## Task prompt
I'd ask you to write out the lines below exactly, with no images.

## Supplied data
____________________
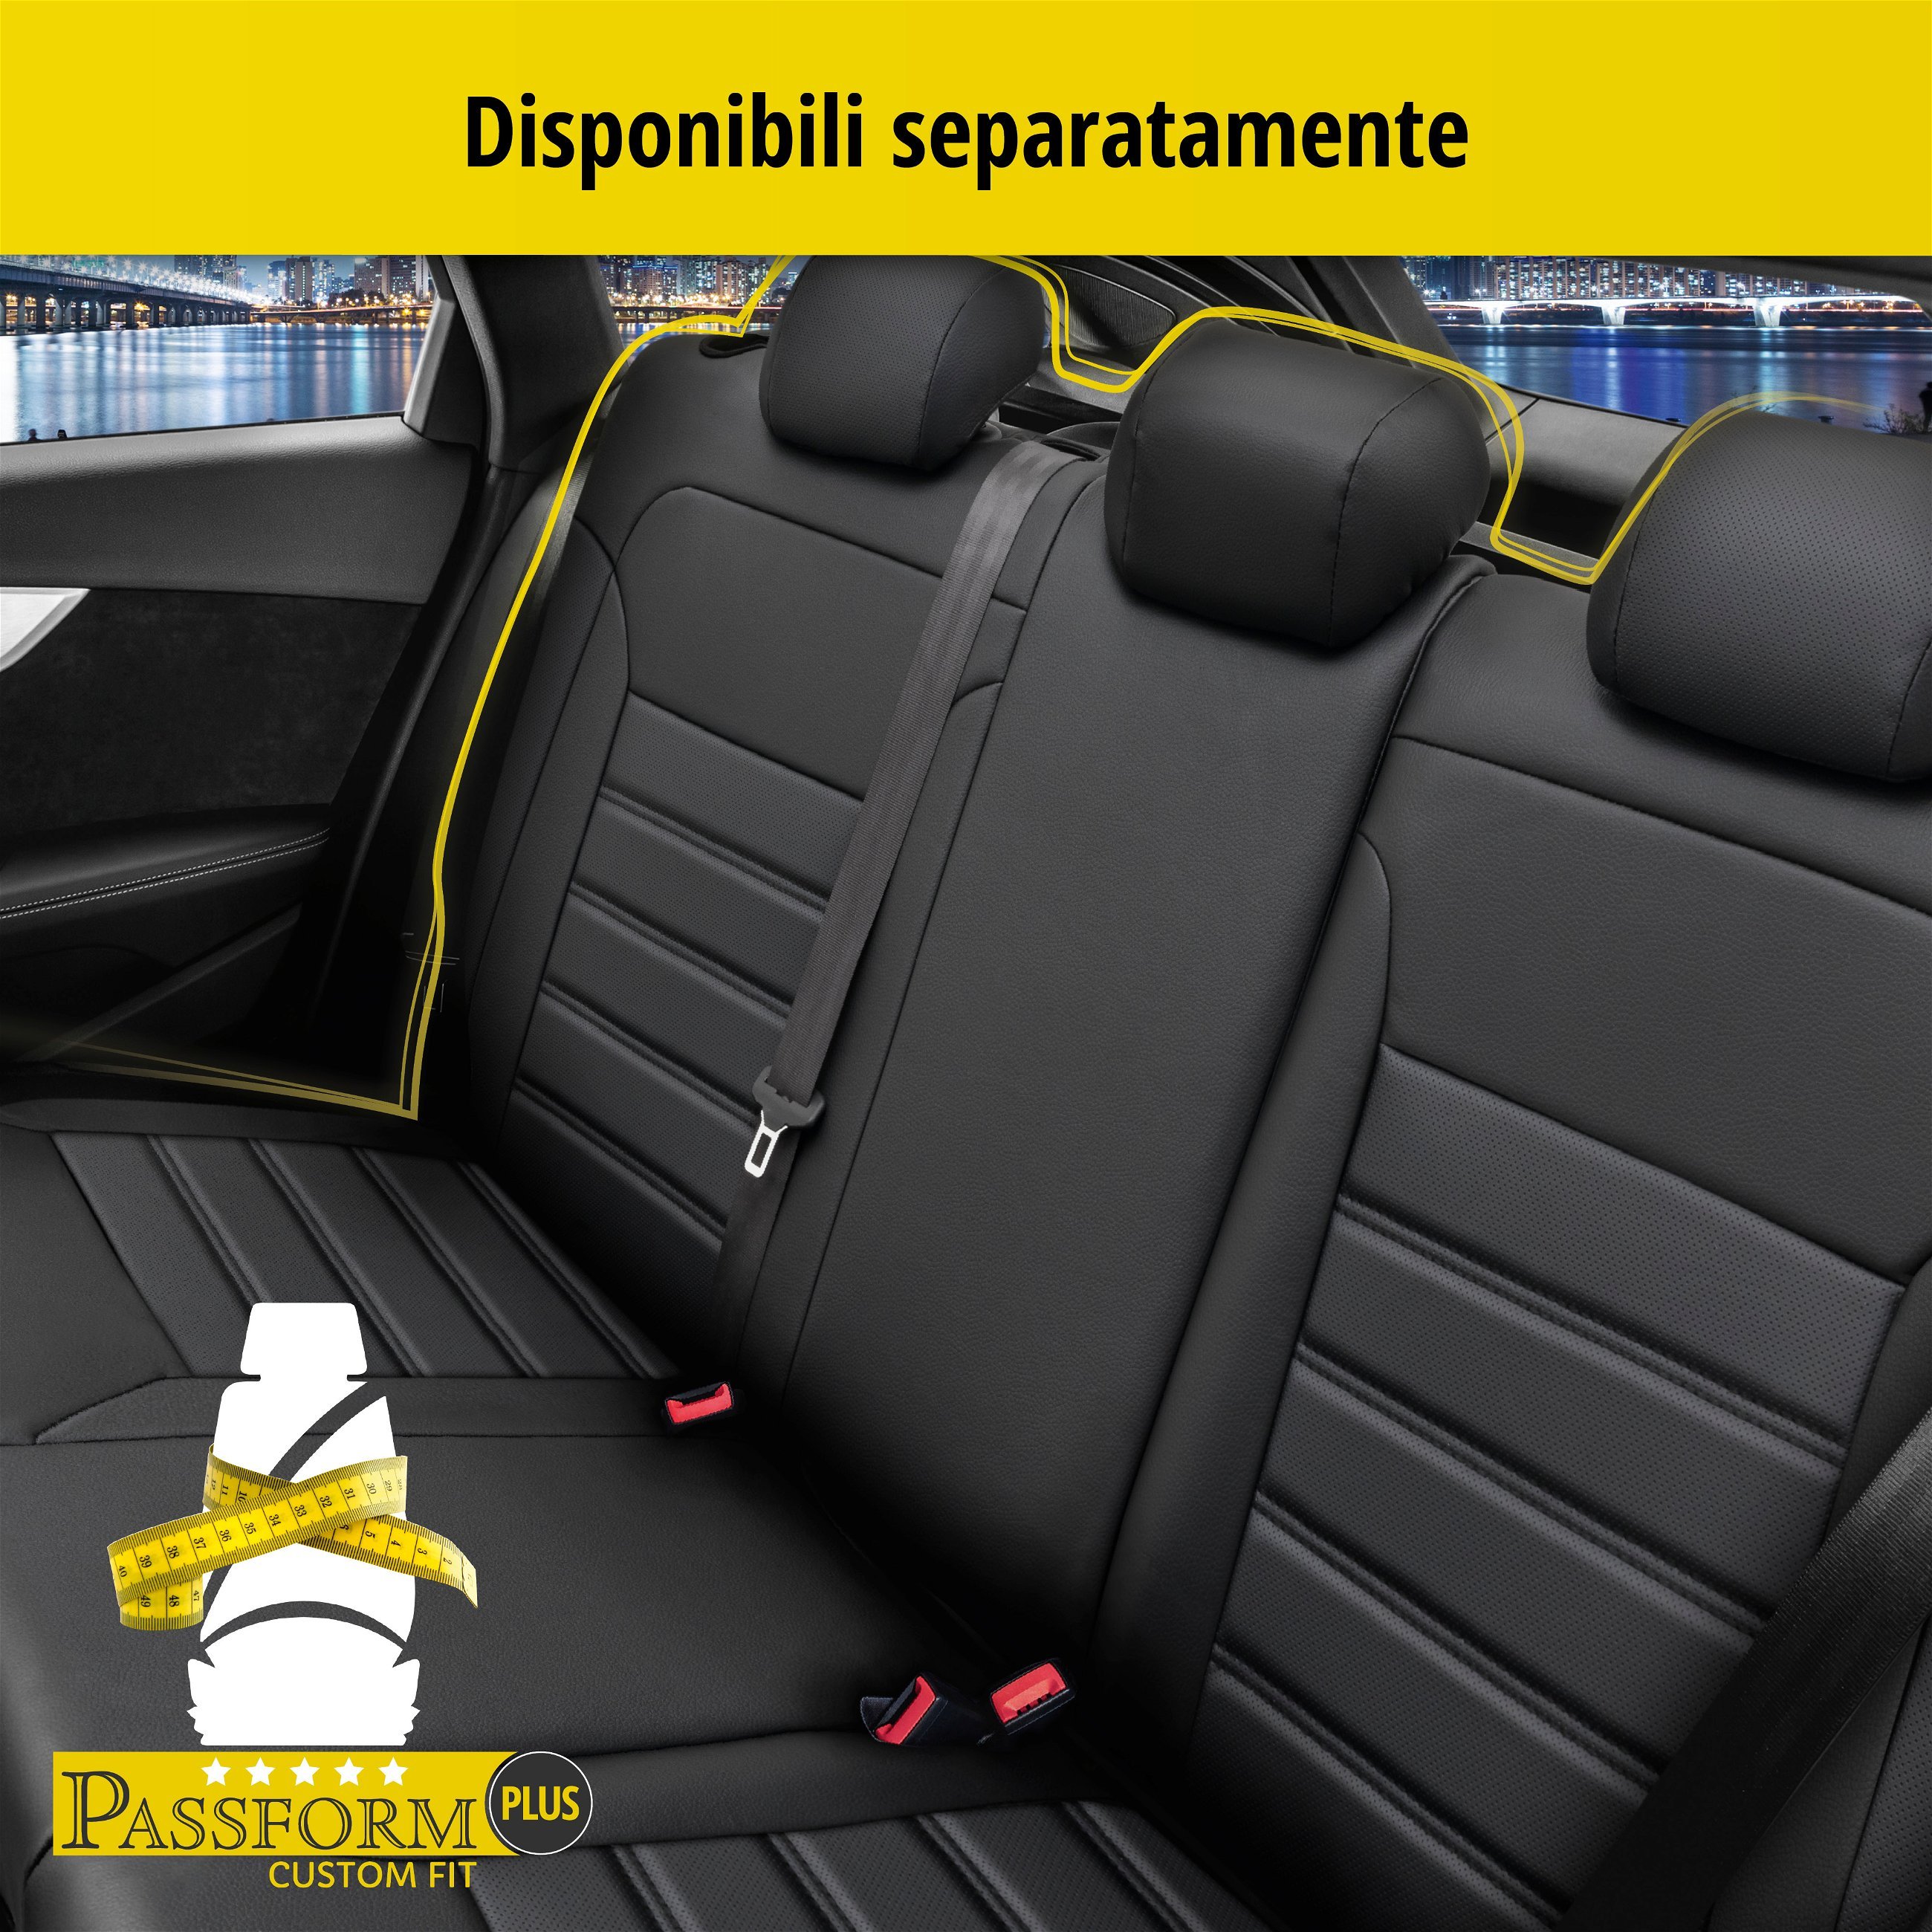 Coprisedili Robusto per VW Caravelle VI 04/2015-Oggi, 2 coprisedili per sedili normali
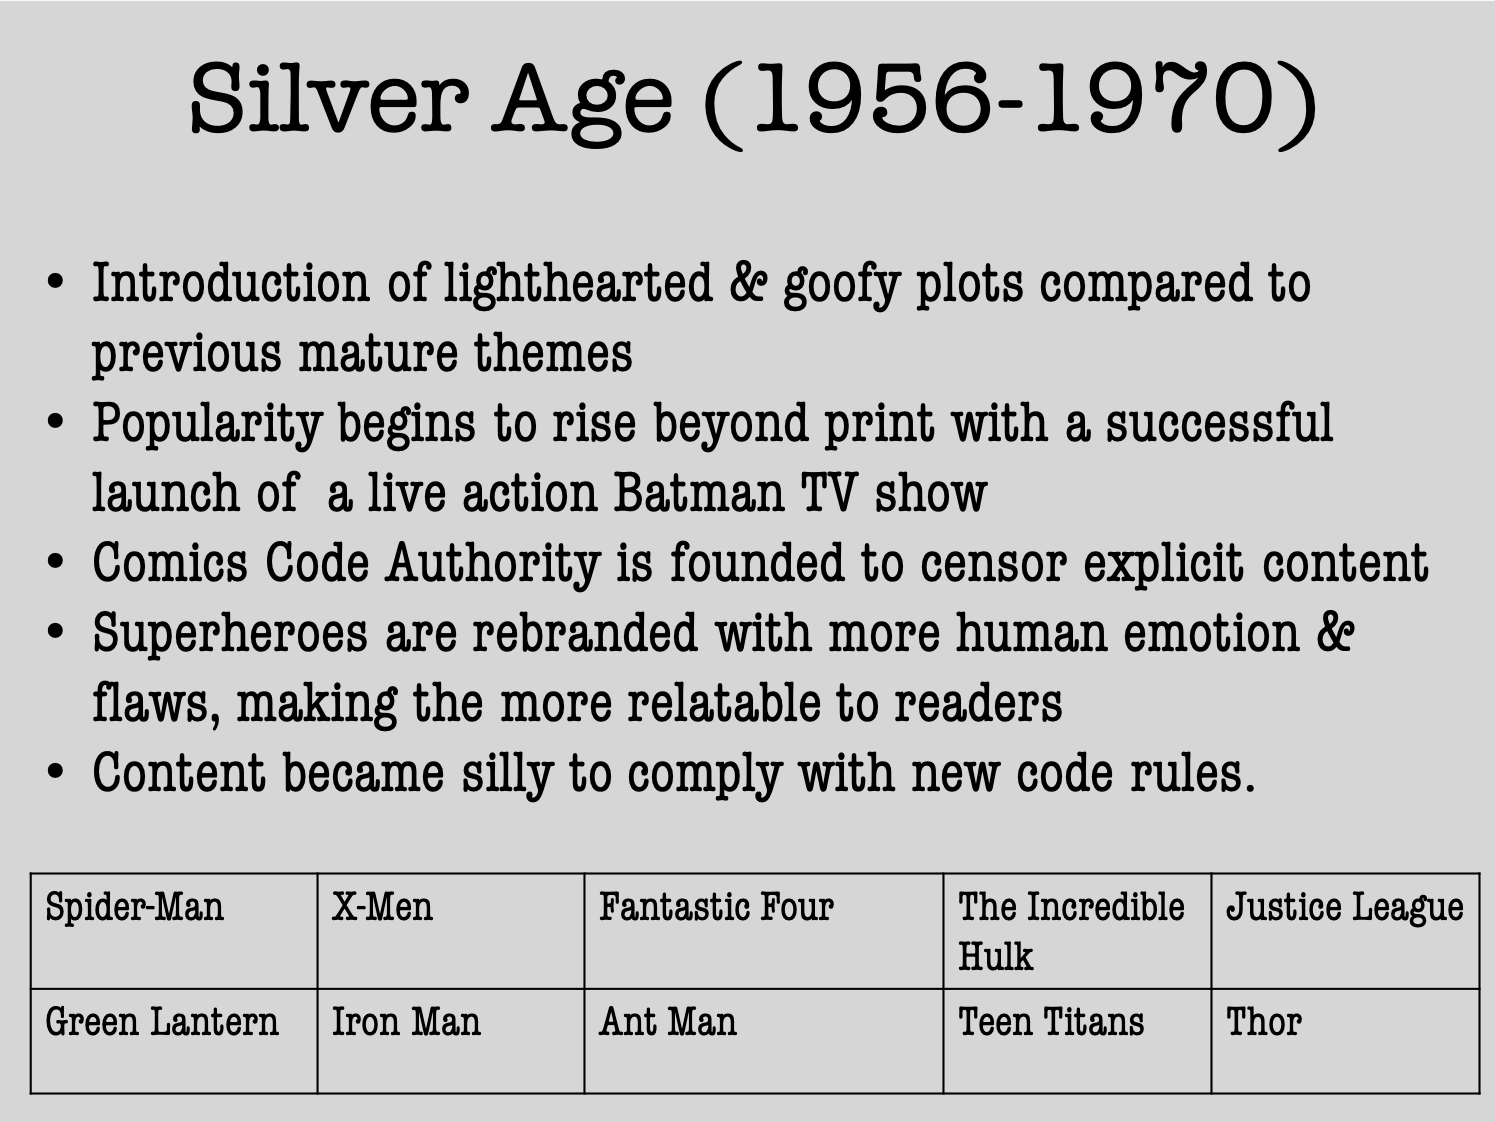 Comic books in the silver age (1956-1970)
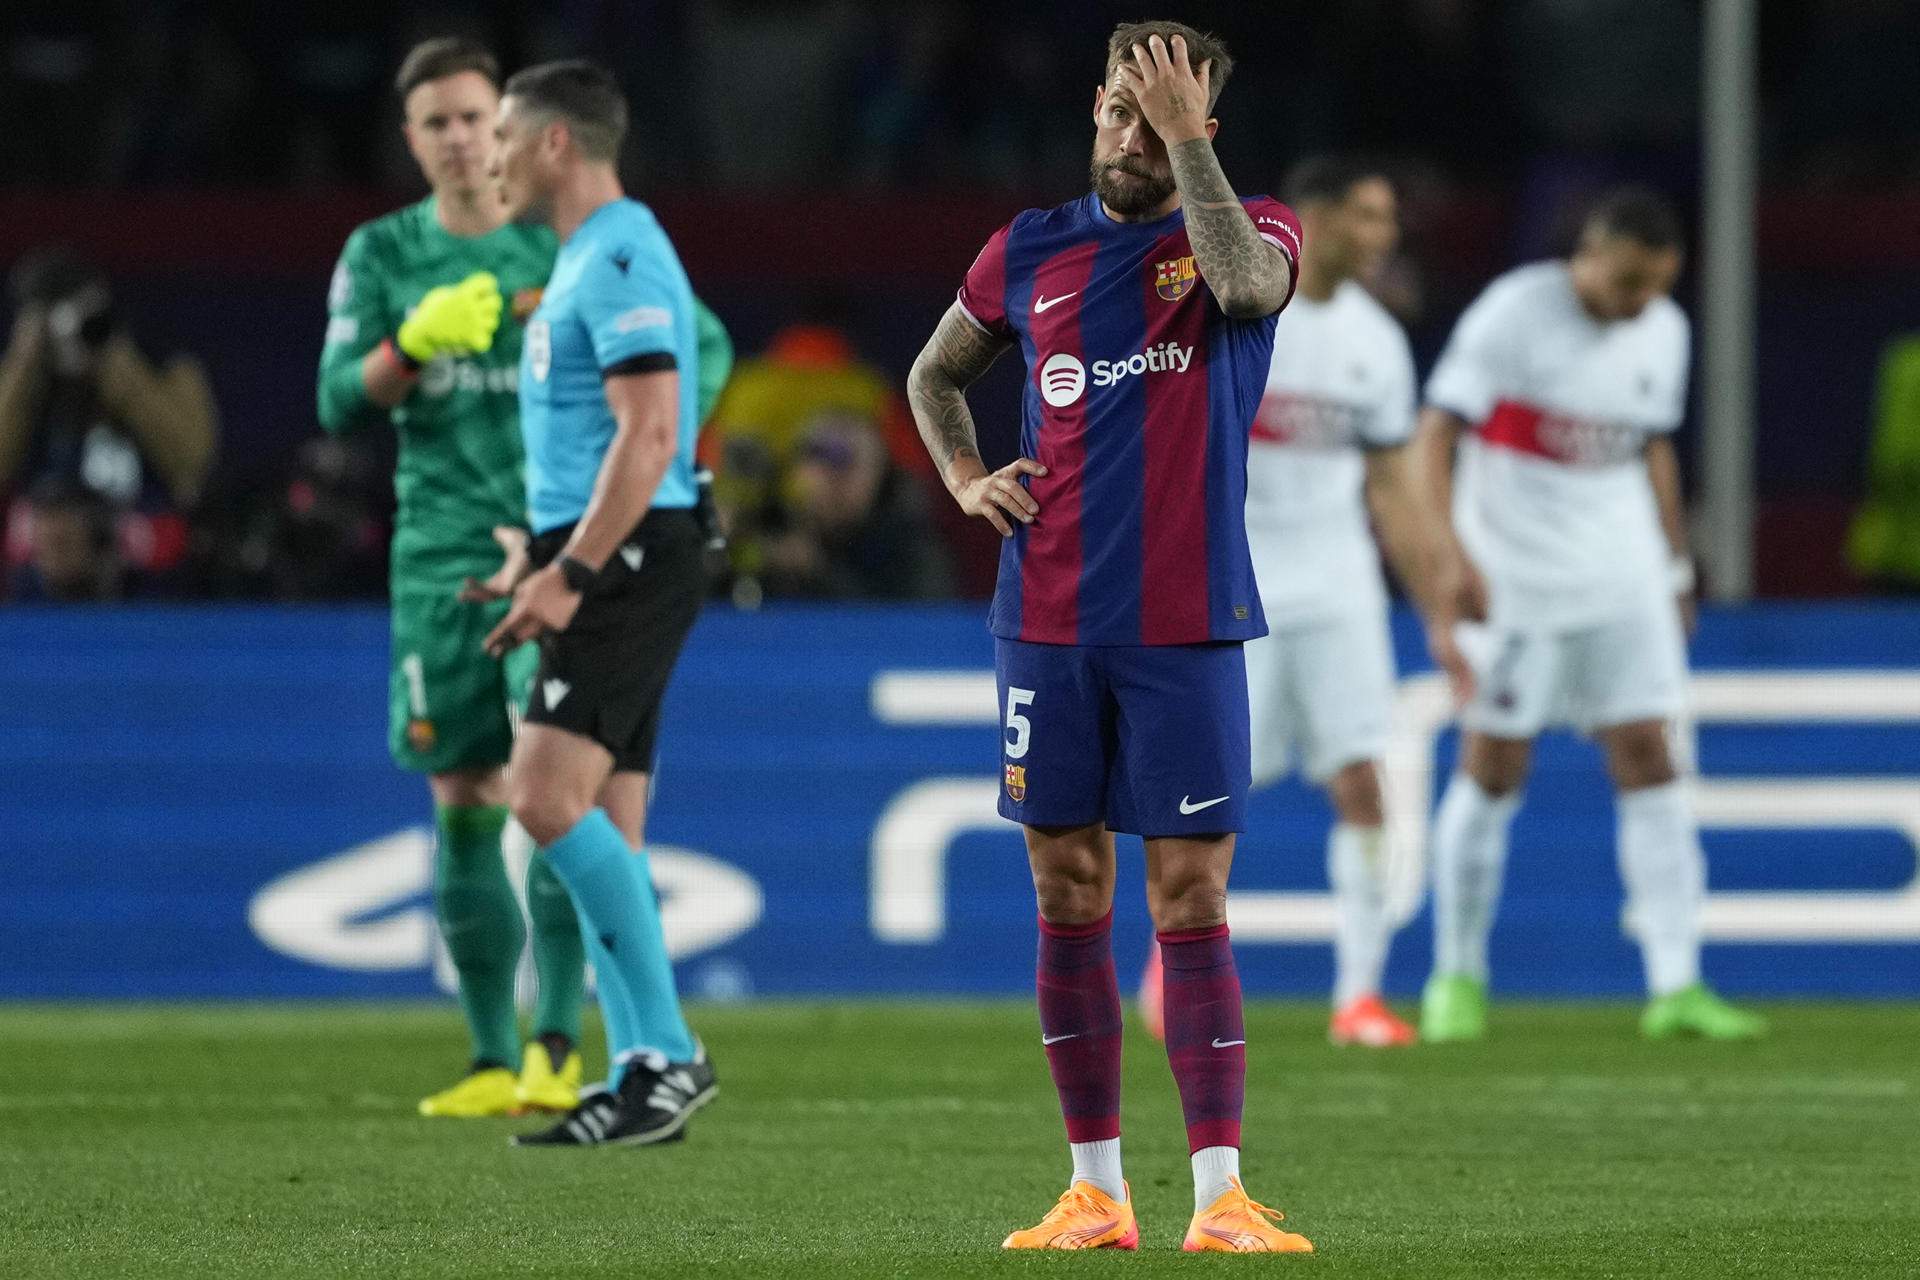 El Barça cau eliminat de la Champions contra el PSG (1-4) en un partit marcat per l'expulsió d'Araujo
____________________
## Answer for the task
 Coprisedili Robusto per VW Caravelle VI 04/2015-Oggi, 2 coprisedili per sedili normali
 Comic books in the silver age (1956-1970)
 El Barça cau eliminat de la Champions contra el PSG (1-4) en un partit marcat per l'expulsió d'Araujo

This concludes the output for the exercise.